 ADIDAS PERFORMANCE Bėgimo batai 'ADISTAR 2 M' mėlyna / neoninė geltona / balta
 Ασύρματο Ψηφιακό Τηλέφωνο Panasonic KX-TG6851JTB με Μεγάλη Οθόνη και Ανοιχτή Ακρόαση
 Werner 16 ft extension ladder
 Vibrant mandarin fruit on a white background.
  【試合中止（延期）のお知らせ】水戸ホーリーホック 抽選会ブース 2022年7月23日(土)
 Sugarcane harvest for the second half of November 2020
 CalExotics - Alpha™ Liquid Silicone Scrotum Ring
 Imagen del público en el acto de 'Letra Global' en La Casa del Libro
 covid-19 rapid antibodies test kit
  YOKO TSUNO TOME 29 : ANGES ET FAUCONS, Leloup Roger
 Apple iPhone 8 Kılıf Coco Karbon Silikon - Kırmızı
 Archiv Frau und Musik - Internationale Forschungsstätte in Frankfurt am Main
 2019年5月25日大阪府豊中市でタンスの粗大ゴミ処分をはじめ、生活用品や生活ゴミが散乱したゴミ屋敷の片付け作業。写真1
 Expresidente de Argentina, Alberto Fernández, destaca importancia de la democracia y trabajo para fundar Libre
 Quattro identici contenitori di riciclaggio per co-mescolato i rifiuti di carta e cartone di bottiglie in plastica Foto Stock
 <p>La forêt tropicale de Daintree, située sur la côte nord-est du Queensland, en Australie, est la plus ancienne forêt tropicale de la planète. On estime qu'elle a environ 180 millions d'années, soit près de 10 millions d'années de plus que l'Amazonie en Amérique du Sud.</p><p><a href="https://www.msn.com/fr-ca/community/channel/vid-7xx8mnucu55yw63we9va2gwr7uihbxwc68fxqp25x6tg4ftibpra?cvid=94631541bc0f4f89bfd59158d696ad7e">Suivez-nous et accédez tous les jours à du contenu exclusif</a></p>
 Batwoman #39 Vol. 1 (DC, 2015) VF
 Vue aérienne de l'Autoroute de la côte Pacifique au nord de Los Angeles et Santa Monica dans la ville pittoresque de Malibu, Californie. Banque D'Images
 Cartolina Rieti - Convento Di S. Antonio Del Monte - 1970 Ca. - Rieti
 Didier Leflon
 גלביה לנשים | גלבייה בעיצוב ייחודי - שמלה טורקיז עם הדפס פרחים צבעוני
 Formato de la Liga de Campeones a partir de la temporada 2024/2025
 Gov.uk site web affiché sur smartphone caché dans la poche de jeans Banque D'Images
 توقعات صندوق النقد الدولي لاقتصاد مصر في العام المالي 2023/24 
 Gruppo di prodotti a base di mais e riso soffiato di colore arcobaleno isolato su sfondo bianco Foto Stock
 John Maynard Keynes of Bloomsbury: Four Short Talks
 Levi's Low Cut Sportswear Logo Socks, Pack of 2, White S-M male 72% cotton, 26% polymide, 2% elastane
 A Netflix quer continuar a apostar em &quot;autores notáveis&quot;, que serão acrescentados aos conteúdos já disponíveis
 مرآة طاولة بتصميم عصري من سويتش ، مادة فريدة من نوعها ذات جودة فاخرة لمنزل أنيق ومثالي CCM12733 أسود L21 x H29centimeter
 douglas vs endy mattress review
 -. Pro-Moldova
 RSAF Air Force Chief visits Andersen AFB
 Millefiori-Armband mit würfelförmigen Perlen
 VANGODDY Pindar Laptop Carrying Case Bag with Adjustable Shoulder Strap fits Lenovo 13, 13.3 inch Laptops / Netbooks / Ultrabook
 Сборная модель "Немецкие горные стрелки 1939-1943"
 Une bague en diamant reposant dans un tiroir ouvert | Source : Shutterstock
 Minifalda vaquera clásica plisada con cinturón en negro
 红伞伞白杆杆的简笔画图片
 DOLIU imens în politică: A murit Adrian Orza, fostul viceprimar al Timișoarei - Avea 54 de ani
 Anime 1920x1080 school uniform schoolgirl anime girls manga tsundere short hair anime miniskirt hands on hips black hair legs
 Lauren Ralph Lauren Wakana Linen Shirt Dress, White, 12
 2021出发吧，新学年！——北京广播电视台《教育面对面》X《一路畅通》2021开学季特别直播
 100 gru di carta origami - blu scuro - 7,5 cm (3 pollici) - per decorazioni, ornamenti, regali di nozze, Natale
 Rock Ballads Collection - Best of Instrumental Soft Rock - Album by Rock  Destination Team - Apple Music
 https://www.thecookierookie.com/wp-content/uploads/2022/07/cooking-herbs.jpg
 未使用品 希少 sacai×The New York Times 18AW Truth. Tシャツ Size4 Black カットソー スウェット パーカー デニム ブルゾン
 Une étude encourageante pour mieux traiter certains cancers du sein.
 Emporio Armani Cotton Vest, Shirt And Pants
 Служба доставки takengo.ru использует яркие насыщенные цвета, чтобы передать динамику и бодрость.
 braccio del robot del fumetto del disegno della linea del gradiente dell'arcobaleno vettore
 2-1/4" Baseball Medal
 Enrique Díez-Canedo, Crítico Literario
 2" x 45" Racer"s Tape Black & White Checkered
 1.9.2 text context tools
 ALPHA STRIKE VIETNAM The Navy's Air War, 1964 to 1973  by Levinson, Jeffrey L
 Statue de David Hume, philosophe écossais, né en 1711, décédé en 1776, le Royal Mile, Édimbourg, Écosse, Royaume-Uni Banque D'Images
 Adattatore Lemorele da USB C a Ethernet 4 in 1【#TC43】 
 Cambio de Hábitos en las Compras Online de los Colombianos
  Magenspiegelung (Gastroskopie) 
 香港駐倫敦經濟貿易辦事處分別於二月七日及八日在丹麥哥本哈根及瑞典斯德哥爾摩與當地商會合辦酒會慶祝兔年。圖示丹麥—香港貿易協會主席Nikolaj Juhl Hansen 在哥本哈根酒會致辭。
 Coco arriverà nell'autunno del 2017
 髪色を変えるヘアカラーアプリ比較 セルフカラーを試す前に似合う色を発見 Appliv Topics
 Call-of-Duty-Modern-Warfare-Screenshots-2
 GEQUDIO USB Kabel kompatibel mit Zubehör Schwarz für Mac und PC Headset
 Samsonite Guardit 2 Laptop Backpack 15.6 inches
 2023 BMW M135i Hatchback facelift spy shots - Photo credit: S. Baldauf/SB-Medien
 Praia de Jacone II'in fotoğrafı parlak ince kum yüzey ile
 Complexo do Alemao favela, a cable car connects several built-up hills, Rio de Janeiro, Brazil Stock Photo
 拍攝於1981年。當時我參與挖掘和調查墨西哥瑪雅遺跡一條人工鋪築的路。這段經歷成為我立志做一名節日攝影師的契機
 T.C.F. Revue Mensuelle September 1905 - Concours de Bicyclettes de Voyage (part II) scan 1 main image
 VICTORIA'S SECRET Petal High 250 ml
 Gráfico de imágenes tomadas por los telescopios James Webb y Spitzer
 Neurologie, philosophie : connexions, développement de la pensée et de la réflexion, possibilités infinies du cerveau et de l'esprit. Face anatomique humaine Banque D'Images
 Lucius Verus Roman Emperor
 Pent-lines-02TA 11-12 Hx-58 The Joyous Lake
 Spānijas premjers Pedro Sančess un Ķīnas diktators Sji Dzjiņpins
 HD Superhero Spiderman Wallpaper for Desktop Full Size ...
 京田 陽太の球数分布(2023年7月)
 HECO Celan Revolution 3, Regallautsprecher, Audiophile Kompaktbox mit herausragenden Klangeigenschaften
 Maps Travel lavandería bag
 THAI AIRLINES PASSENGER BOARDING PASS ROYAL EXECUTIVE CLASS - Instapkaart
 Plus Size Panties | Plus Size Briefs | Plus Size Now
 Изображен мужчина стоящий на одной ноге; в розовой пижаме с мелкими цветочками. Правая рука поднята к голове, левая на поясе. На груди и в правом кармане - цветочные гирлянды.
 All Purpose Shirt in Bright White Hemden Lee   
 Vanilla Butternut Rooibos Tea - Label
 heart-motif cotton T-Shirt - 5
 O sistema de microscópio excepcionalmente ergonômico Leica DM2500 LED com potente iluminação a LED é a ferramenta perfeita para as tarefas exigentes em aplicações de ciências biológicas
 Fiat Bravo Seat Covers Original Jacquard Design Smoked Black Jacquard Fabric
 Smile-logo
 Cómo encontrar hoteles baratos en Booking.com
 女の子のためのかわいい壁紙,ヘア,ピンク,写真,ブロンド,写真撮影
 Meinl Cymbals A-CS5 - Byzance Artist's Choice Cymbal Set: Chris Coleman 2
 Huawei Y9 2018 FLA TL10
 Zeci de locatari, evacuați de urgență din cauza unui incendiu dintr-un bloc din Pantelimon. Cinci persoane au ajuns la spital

> REQUIRED ACTION:
Could you set down, word for word, only the lines above from the line with "Gruppo di prodotti" to the line with "Levi's Low Cut", including both?

> ANSWER TO THIS TASK:
 Gruppo di prodotti a base di mais e riso soffiato di colore arcobaleno isolato su sfondo bianco Foto Stock
 John Maynard Keynes of Bloomsbury: Four Short Talks
 Levi's Low Cut Sportswear Logo Socks, Pack of 2, White S-M male 72% cotton, 26% polymide, 2% elastane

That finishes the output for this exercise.